The astounding response from Delta: We shouldn’t be fined because we followed the rules 42 out of 50 times and Delta Air Lines claimed that they only have to notify a passenger about the airline actually operating the flight “prior to purchase.” Delta’s logic is that since DOT never purchased a ticket, it was impossible for them to have broken any rules.
This amazing defense turns years of consumer protection jurisprudence on its head and Delta Air Lines’ contempt for its passengers will only end up costing American taxpayers more in legal costs.
This kind of activity borders on premeditated evil, not merely misleading and deceptive. The court case is ongoing.
Squatting on gates at Love Field to limit DOJ antitrust remedies
When the Department of Justice (DOJ) finally agreed to allow American Airlines and US Airways to merge last year, part of the remedies was the divestiture of gates across the country to encourage more competition from low cost carriers like Southwest, JetBlue, Virgin America and others. DOJ even went so far as to specifically define Delta Air Lines as not an appropriate airline to take over these gates. DOJ also handled Dallas with its two airports as one market.
Since then, Delta has been renting a gate from United Airlines at Dallas Love Field. United sold those gates to Southwest Airlines. The lease on the gates expires at the end of July. Southwest has notified Delta that they can continue with their lease until that time. Then they will be adding flights and will require that gate.
Delta Air Lines is refusing to move. This violation of the gate lease will hurt consumers.
This will result in more legal fees for American taxpayers and will thwart the remedies specified by DOJ in their approval of the AA/US mega-merger. Delta’s actions limit competition between the Dallas market and other Delta markets. By not living up to its signed contract, Delta limits capacity because Delta is flying smaller commuter aircraft from these gates. If Delta prevails, this action will slice the number of Dallas Love Field passengers by almost half-a-million when compared to passengers that would fly if Southwest flies its proposed schedule.
Delta Air Lines has been leading the Big 3 putsch against Open Skies treaties and competition
With Delta’s focus on eliminating competition and price comparison, they are the leading airline in a battle against open travel between countries.

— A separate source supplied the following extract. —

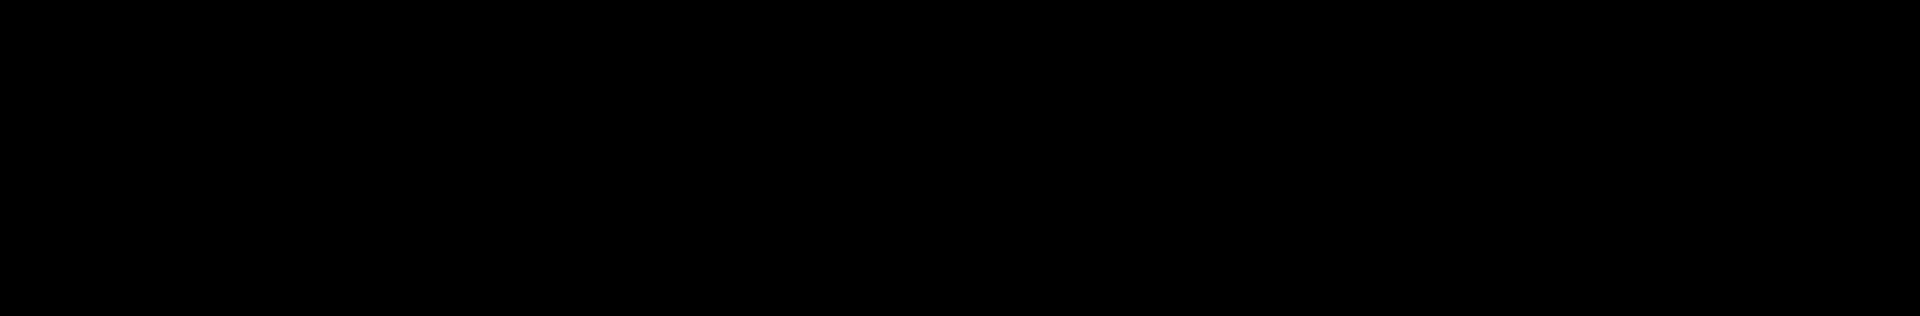 Compass_Logo_H_K_RBG_transparent-background.png

Fortunately, while Delta has been joined by American Airlines and United Airlines together with their cohorts in some aviation labor unions, the rest of the aviation economy is lining up in support of the Open Skies Treaties and more international competition.
Boeing, FedEx, UPS, airports, consumer groups, corporate travel managers, chambers of commerce, and almost every other US airline are lining up behind the free market mantra of competition. The Big 3 airlines are attempting to do the opposite — eliminate competition, limit choice and maintain their oligopolistic hold on the international aviation market.
Hopefully, the powers that be at the Departments of State and Transportation, together with the executive branch, will keep the Delta-led international oligopolistic airline alliances in check and guarantee competition and more choice for consumers.
Right now, in a world of airline rogues, Delta Air Lines stands out as the most committed to misleading and deceiving consumers, adding confusion to the airfare buying process, limiting competition and eliminating efficient comparison shopping. From a consumer’s point of view, these actions are unabashedly evil.